Hipofiz ön lobundan salgılanan LH, Leydig hücreleri üzerinde bulunan kendisine özel yüzey reseptörlerine bağlanarak, testosteron hormonunun üretilmesini ve salgılanmasını sağlar. Bu etkisinden dolayı erkeklerde intersitisyel hücre stimüle edici hormon (ICSH) da denir.

Erkeklerde Sertoli hücrelerinden salınan inhibinin, testis işlevinin düzenlenmesinde önemli bir yeri vardır. FSH, LH ve spermatozoon oluşumunu büyük ölçüde denetler. Seminifer tubullerde spermatozoon üretimi yetersiz kaldığında ön hipofizden FSH salınımı belirgin olarak artar. Artan FSH Sertoli hücrelerini uyararak inhibin salınımına neden olur.

LH, Leydig hücrelerini uyarır ve testosteron salınımını başlatır. Testosteron da hem seminifer epiteli besleyip spermatozoon oluşumu için gerekli olan yüksek düzeyi korur hem de genital kanal, eklenti bezleri ve dış genital organın normal büyüme ve gelişmelerini sağlar.

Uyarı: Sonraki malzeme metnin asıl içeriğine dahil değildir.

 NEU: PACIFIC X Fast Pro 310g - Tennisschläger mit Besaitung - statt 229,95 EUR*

Büyüme hormonu ve diğer hormonların çoğu temel metabolizma işlevlerinin denetimi için gereklidir. Büyüme hormonu özellikle spermatogonyumların ilk bölünmesini hızlandırır.

Kanatlılarda Erkek Genital Sistem

Testisler horozların abdominal boşluğuna yerleşmişlerdir. Vücut ısısı hava keseleri aracılığı ile düşürülmektedir.

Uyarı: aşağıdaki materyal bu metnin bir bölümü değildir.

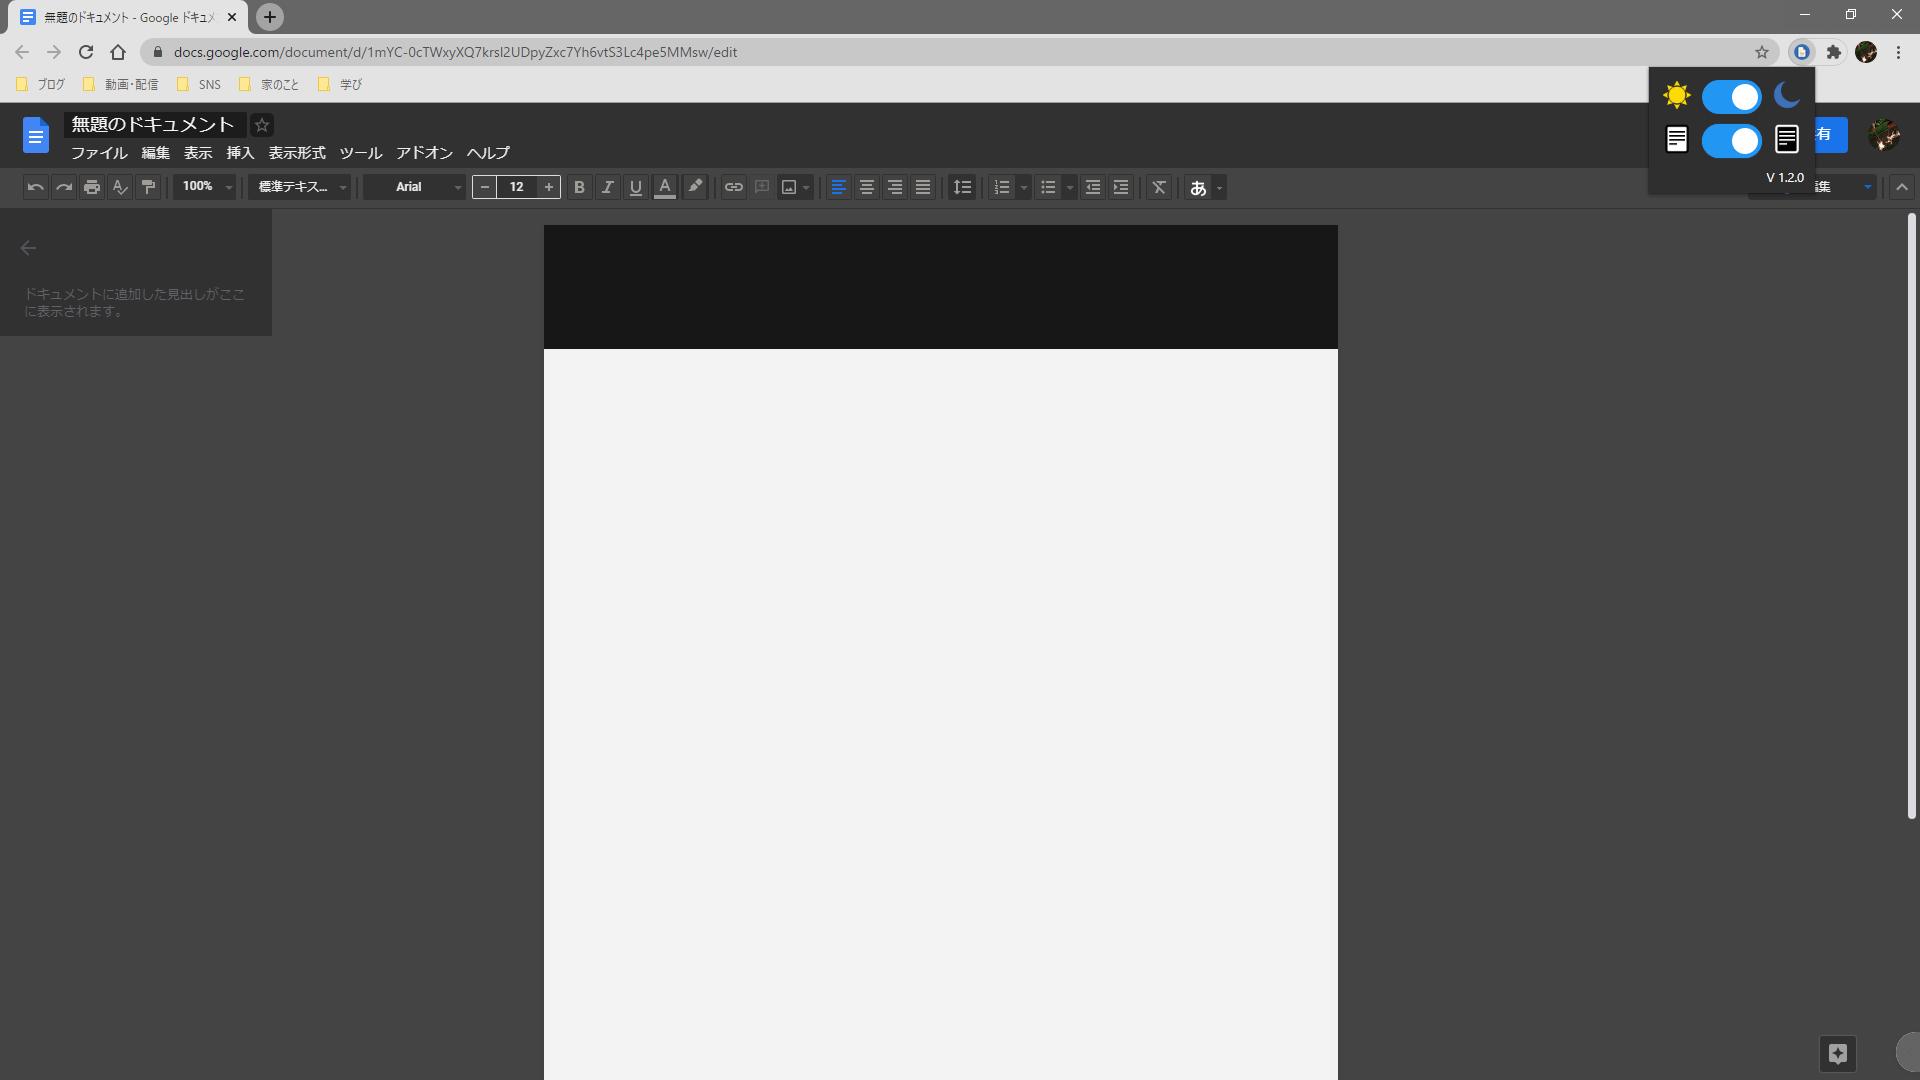 Google Docs Dark Modeを月(ダークテーマ)と黒(入力部分を黒)の両方設定した画像

Seminifer tubuller, sertoli hücreleri ile döşenmiş olan düzgün tubullerle devamlılık gösterir. Düzgün tubuller rete testisin anostomoz yapan kanallarına karışır. Epididimis içinde üç tip kanal görülür: Efferent kanallar, konnektiv kanallar ve epididiymis kanalıdır. Epididimisin son kısmında, epididiymis kanalı duktus deferense bağlanır. Her duktus deferens, submukozası erektil dokuya sahip konik yapıda duktus ejakülatoryus ile devam eder. Duktus ejakülatoryus da kloakanın ürodeumu içine açılır.